Temp Tables vs Table Variables
There was a recent newsgroup posting where the poster asked if creating/modifying temp tables incurred physical disk I/O. A consultant had attempted to justify his choice of using temp tables, as opposed to table variables, by declaring that temp tables are purely in-memory structures, incurring no physical disk I/O, and therefore perform as well as table variables. Well, the consultant was wrong but kind of right at the same time (sort of).
It's important to remember that temp tables & table variables are not the same thing with a different scope. They were created for different, but overlapping, purposes. Temp tables originated well before table variables and are essentially for the storage & manipulation of temporal data. Whereas table variables were introduced with SQL Server 2000 and were designed for returning datasets from table-valued functions, that is one or more rows and/or columns from a UDF as opposed to a single row/single column from a scalar-valued function. They are both instantiated in tempdb and are both backed by physical disk (as is every database, system or user, in SQL Server 2000). Changes to both temp tables and table variables are logged in the transaction log1. However, since tempdb always uses the simple recovery model, those transaction log records only last until the next tempdb checkpoint, at which time the tempdb log is truncated.

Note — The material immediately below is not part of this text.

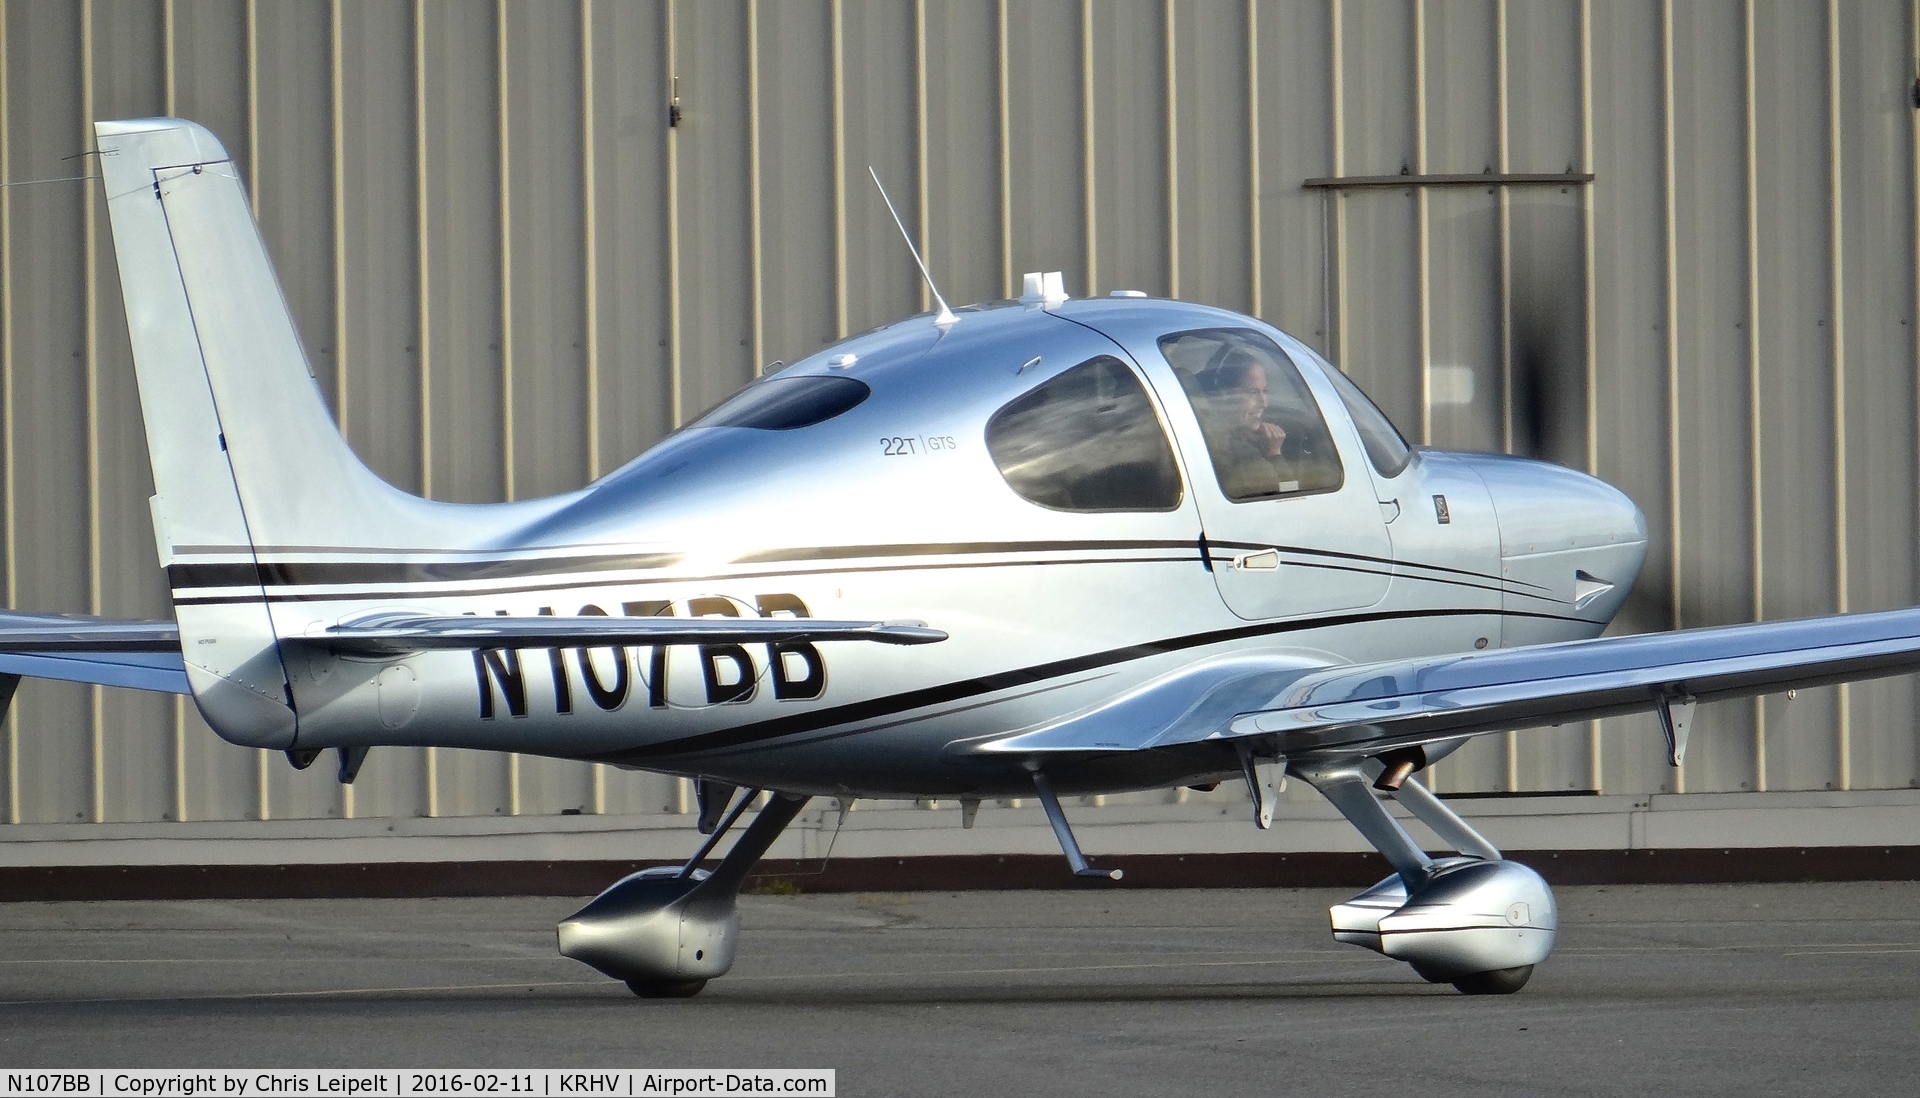 N107BB, 2016 Cirrus SR22 G3 GTS  X Turbo C/N 1235, Cirrus Design Corp. (Duluth, Minnesota) 2016 Cirrus SR22 G3 Turbo started up and taxing out for departure to Lake Tahoe Airport at Reid Hillview Airport, San Jose, CA.

There are many similarities between temp tables and table variables, but there are also some notable differences. Namely, temp tables can be altered with DDL statements but table variables can't (so you cannot create a nonclustered index on a table variable for example). That makes every table variable a heap, or at best a table with a single, clustered index, and every table variable access a table scan (or clustered index scan, which is essentially the same thing). Temp tables have a looser scope than table variables, but no less well defined. Transactions involving table variables last only for the duration of the DML statement (the table variable change is committed implicitly after each DML statement, eg. four INSERT statements result in four begin/commit pairs in the tempdb transaction log), whereas transactions on temp tables can span multiple DML statements. As a result, transactions on table variables are typically shorter (than transactions involving temp tables) and require less locking2. SQL Server creates statistics for temp tables, so the query optimiser can choose different plans for data involving temp tables. However, SQL Server does not create statistics on columns in table variables (what's the point when the only way to access data in a table variable is though a table scan?). Table variables, when used in stored procedures, are supposed to result in fewer recompiles of those stored procedures. This is probably because the query optimser doesn't have to come up with different plans based on the content of the table variables because the only operations you can perform on table variables are heap/clustered index operations (table scan, clustered index insert, etc.), whereas a temp table may be manipulated through any number of indexes whose density, distribution & selectivity could change from access to access (hence the possibility of different execution plans, therefore more stored proc recompiles).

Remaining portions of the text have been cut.